As if you're not already convinced that I'm crazy, here I am retracting--mostly clarifying--a statement I made previously. I did not make the right decision, but I have learned a lot from the decision that I made. The regret that I feel leads me to believe that I was not appreciative of what I had when I had it. There were times, many times, over the past year that I could have worked things out. But I didn't. Yes, I've learned so much since then. Things that I could not have otherwise learned. However, I wish I could go back with what I know now and turn things around.

If I could teach you any one thing, it would be this: be grateful for what you have, and more importantly, who you have. Even when things are hard, hold on. Be gracious and forgiving and charitable. Never withhold loving service from someone who means the world to you. Never let small mistaken details interfere with something much grander and more beautiful. And above all, don't give up on love. Because if it's real and you choose to walk away, and it takes you too long to figure it out, then you might miss out on something wonderful.

Monday, December 3, 2012

Mid November, I pulled out my desk calendar to find that I hadn't crossed off any days since mid October. Today I glanced at it again to find that today is apparently November 18th.

Most mornings I wake up wondering how I'm going to make it through the day. I feel weak and tired and lonely at 3:30 am. It's hard to temper my thoughts while struggling to get dressed in the darkness. It's cold. And dark. Yet somehow I find myself here every night--back in my apartment. Naturally I'm tired and exhausted from a long day of projects and feelings, but I made it through. And somehow I made it through about twenty days without even looking at my calendar. How is it not still September right now??? The days feel slow, but the weeks are passing nearly imperceptibly.

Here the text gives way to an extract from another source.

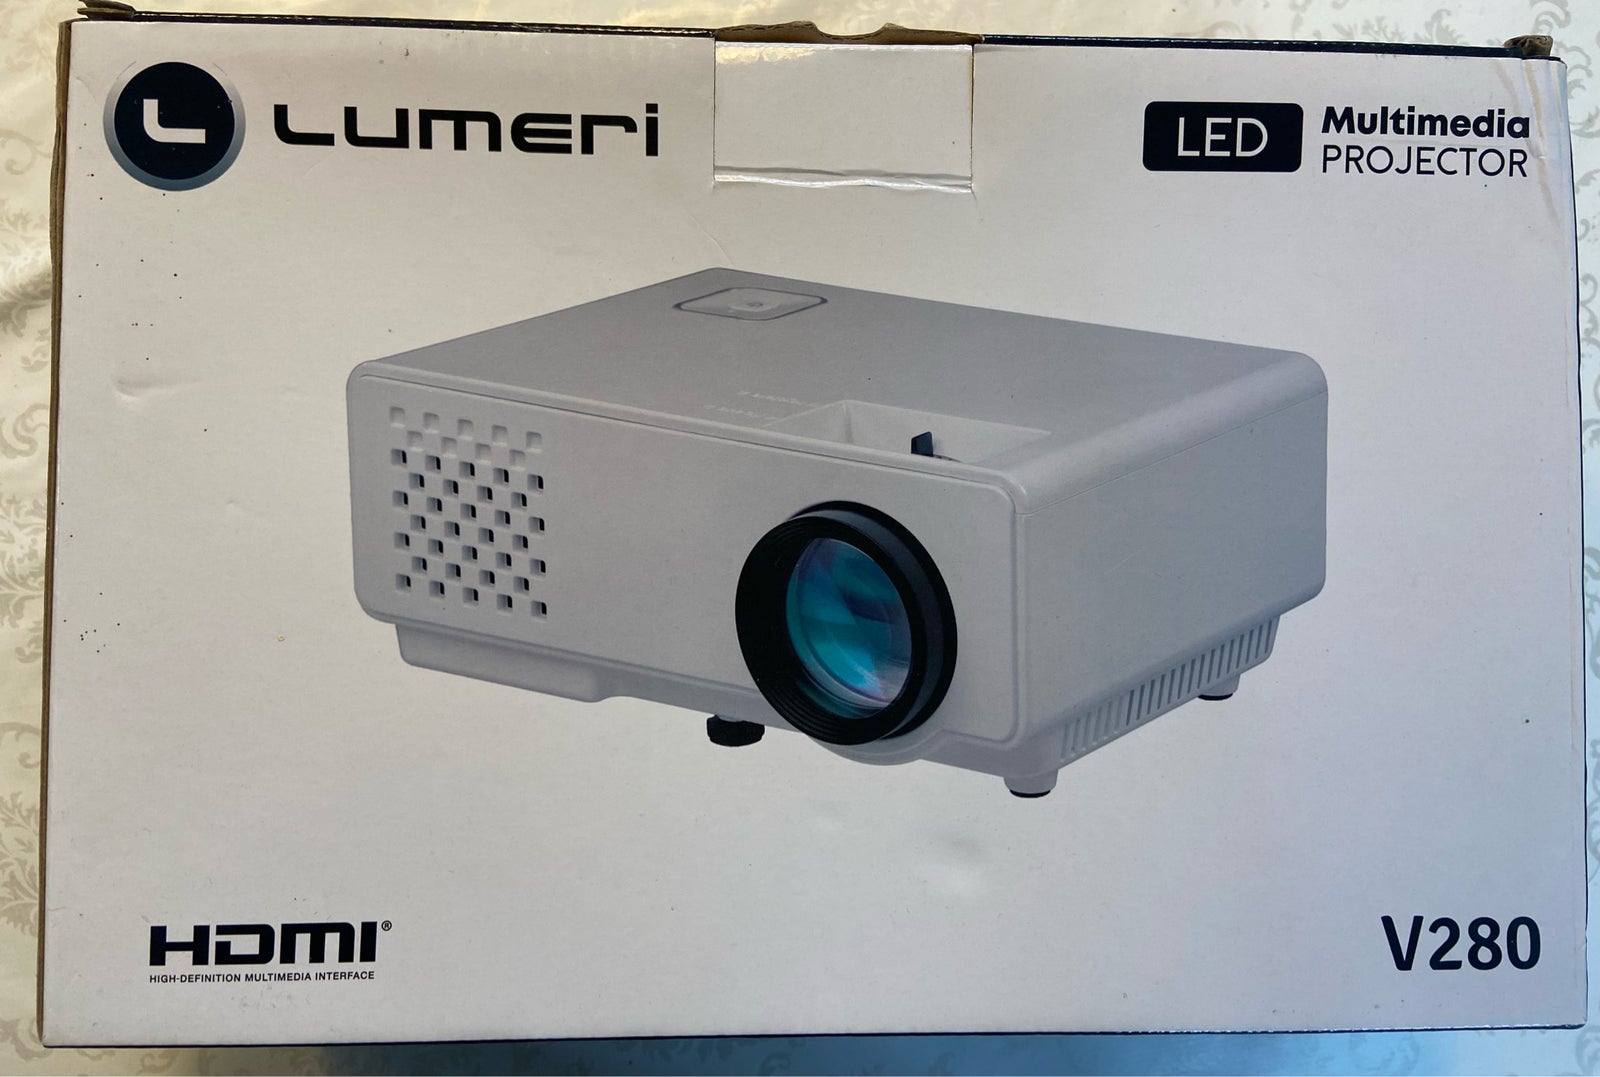 Projektor, Lumeri, V280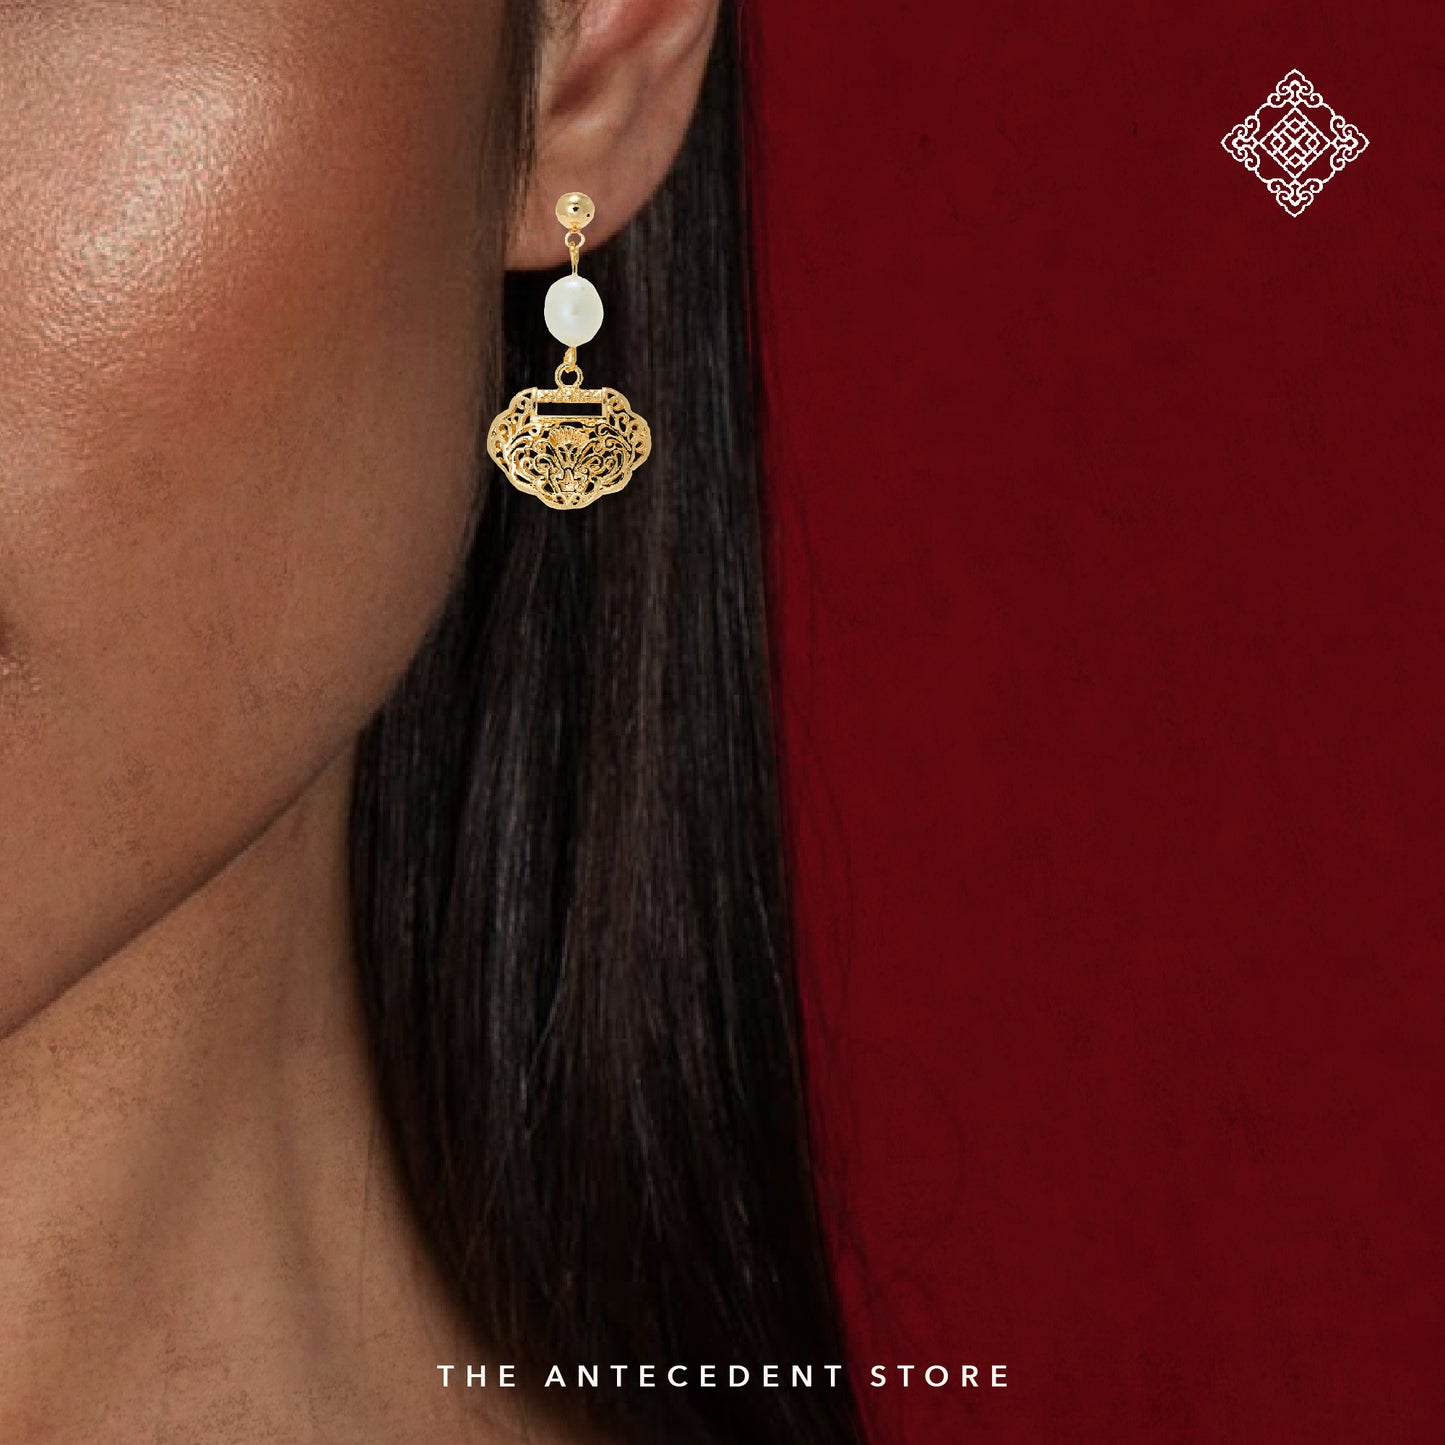 【如意锁】Longevity Lock Earrings With Freshwater Pearl - 14K Real Gold Plated Jewelry

In the oddest sense, I feel like that is both a test and a tender mercy. The days are long so that I can become long suffering. But the weeks and months are moving by quickly, bringing me closer and closer to my 19th birthday, when I will be eligible to serve as a missionary for the Church of Jesus Christ of Latter-day Saints.

Now there's something I want you to understand: Yes, I am going through significant emotional challenges at this time. I realize that this is something that I need to resolve before leaving on my mission and it's something that I've been sincerely working on. Though I've been a miserable complainer about it all, I want you (whoever you are) to know that I'm grateful for this mountain. I can feel myself changing. I can feel myself becoming stronger and more resilient. He will make my weakness a strength.

Last August I made a decision that has affected the course of my semester. The decision has brought me loneliness and sadness. However, I know that I made the right decision. Regardless of all the hurt that it has caused, taking this new step in my life on my own has helped me gain a testimony. Where before I would immediately turn to one source for my peace and comfort, I have now had to rely completely on my testimony. That made me realize how much I had neglected it. People, I now have a firm testimony. I know that prayer is direct communication with God because I have felt His presence and received answers. I know that the Atonement is real because I have seen it change me. I know the Book of Mormon is a true testament of the Savior Jesus Christ.

And there you have it, yet another jumbled and honest post from Sarah.

Much love for you all.

Sunday, December 2, 2012

I've been fighting this heart break for nine months. I've been fighting depression since I was ten. And in my imperfect, mortal perspective, I just want to know when I'll be happy. 

God listens to prayers. He hears me. He cares about me. He loves me.  I know and believe that, and it's one of the only things that keeps me going. He's given me answers, but they're not the answers that I want. I'm trying to reconcile my will to His. I know He has a plan for me. I wish I knew what it was, but I know that that would interfere with the growth I'm going through now. 

I haven't really figured out what I'm trying to say, so I'll end with this: however long and hard the road, I will make it through. Prayers and loves are much appreciated.